=== EXERCISE ===
Copy the lines below as they are; omit the images they contain.

=== DATA SEGMENT ===
= = =
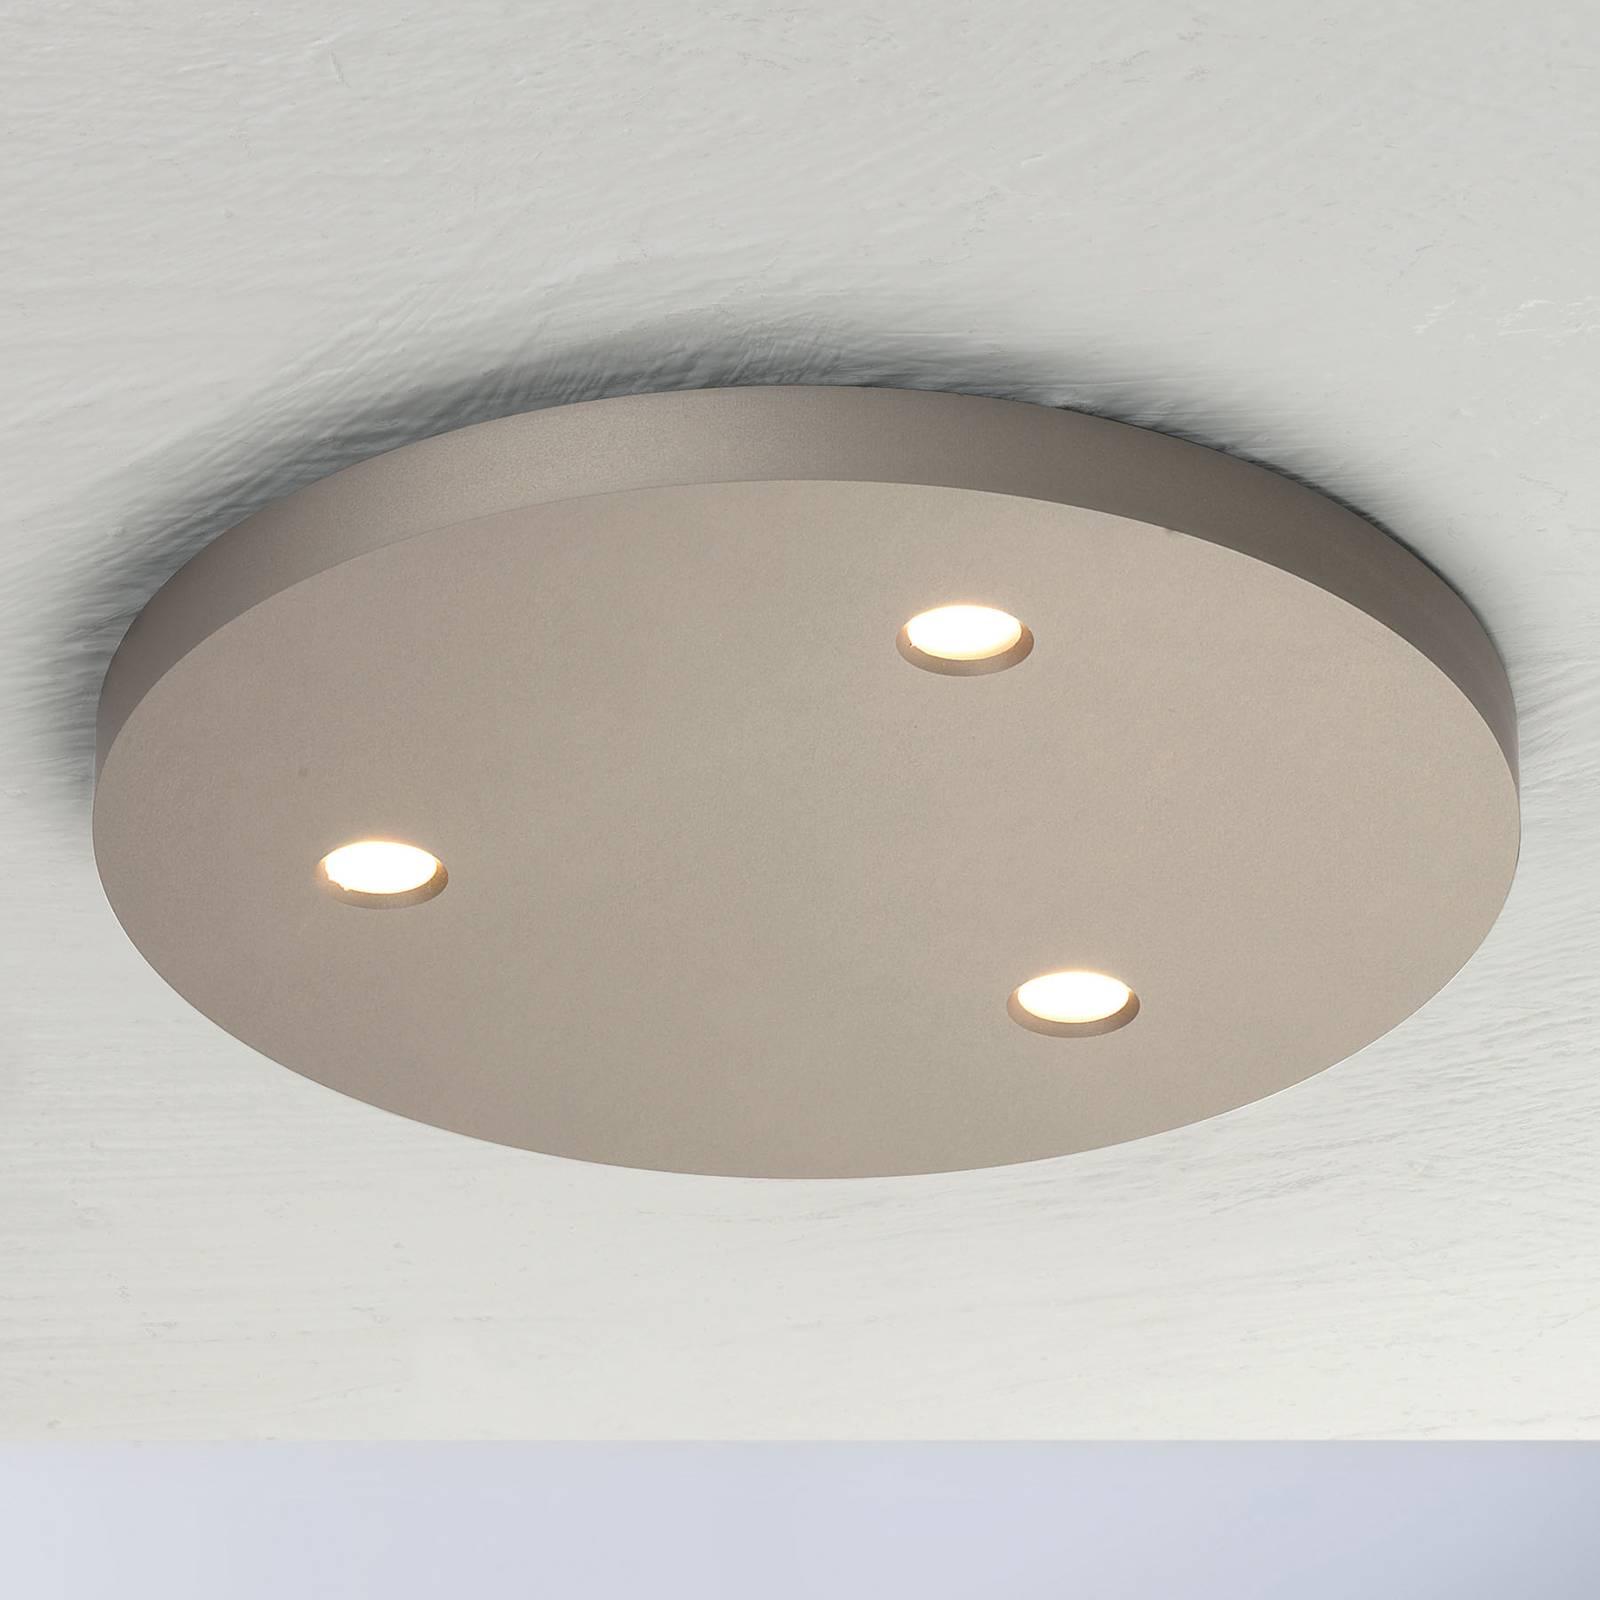 Bopp Close LED plafondlamp 3-lamps rond taupe
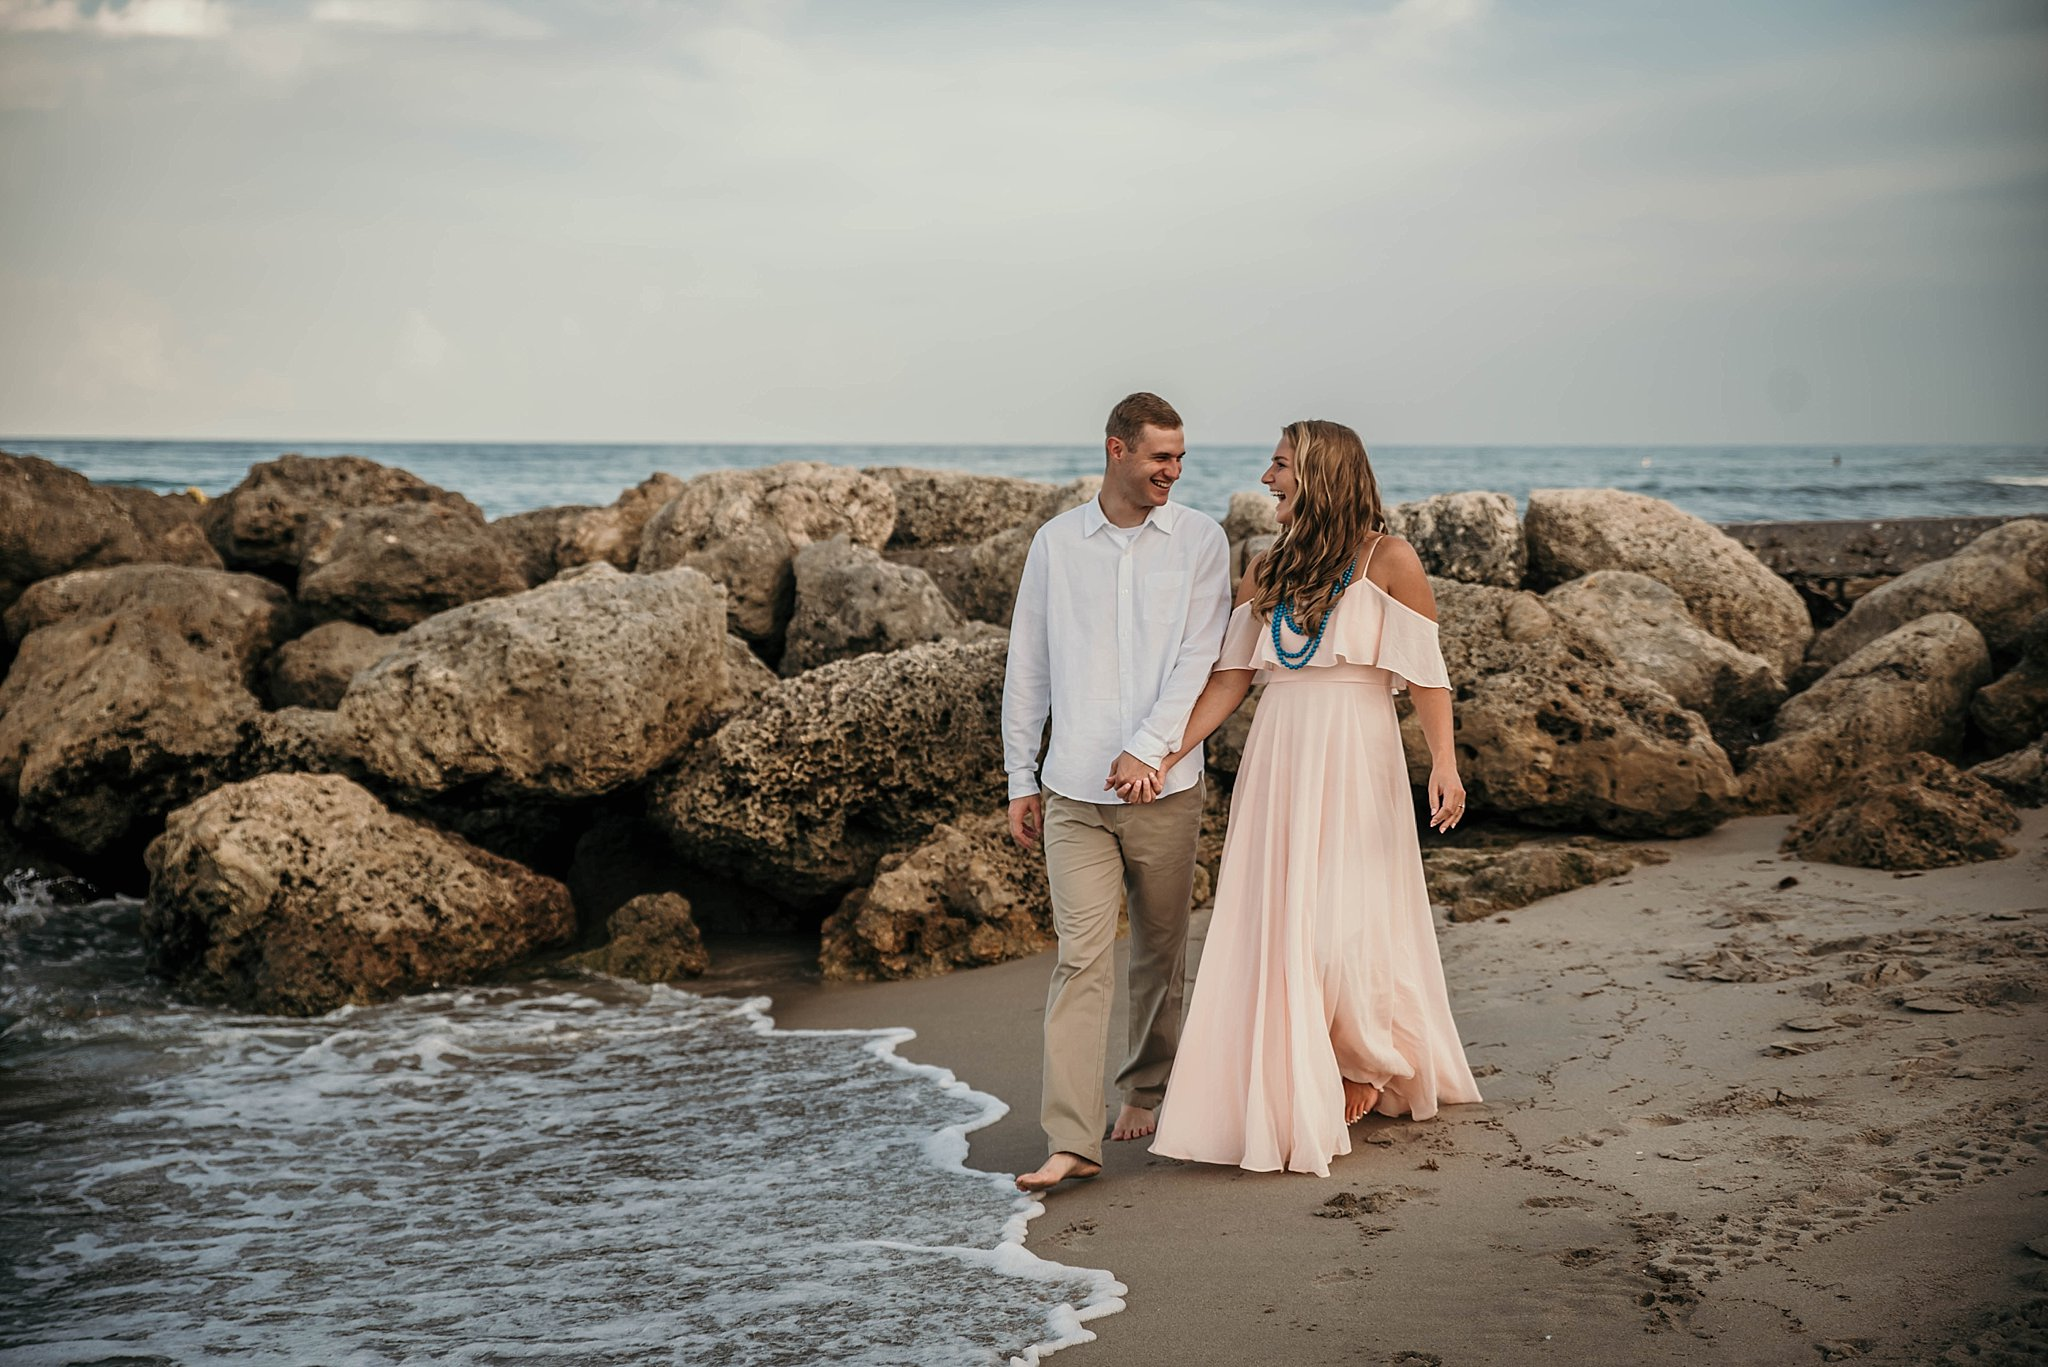 palm-beach-engagement-photos-florida-wedding-photographer_0014.jpg
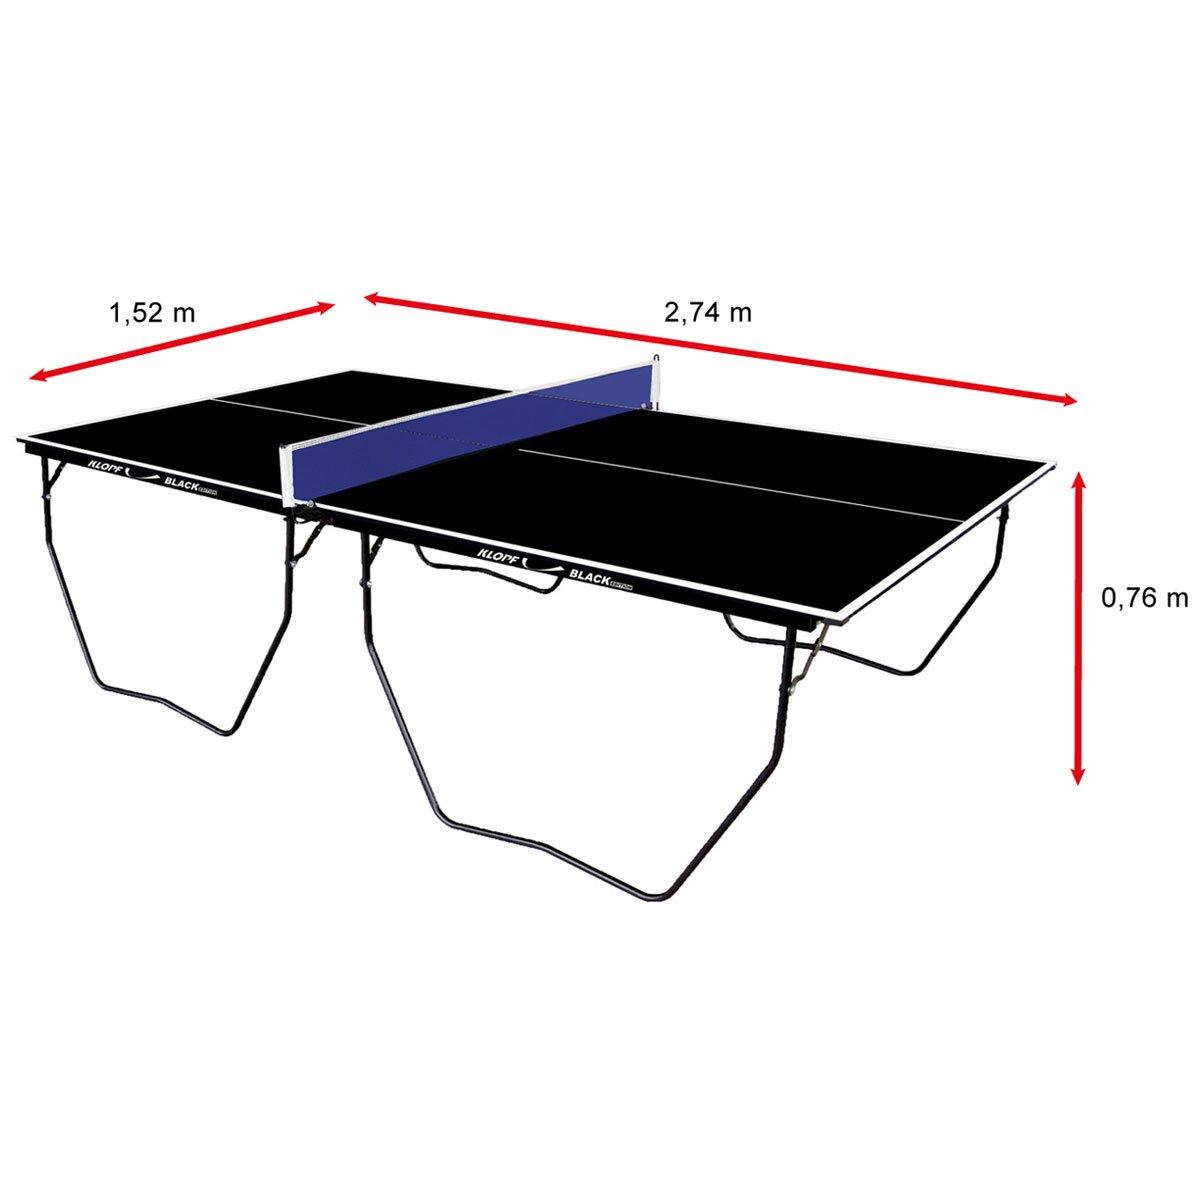 7b9fcb728a208 Mesa de Ping Pong   Tênis de Mesa Klopf Oficial Black Edition - 15 mm -  Preto - Compre Agora
= = =
=== EXERCISE RESULT ===
 Bopp Close LED plafondlamp 3-lamps rond taupe
 palm-beach-engagement-photos-florida-wedding-photographer_0014.jpg
 7b9fcb728a208 Mesa de Ping Pong   Tênis de Mesa Klopf Oficial Black Edition - 15 mm -  Preto - Compre Agora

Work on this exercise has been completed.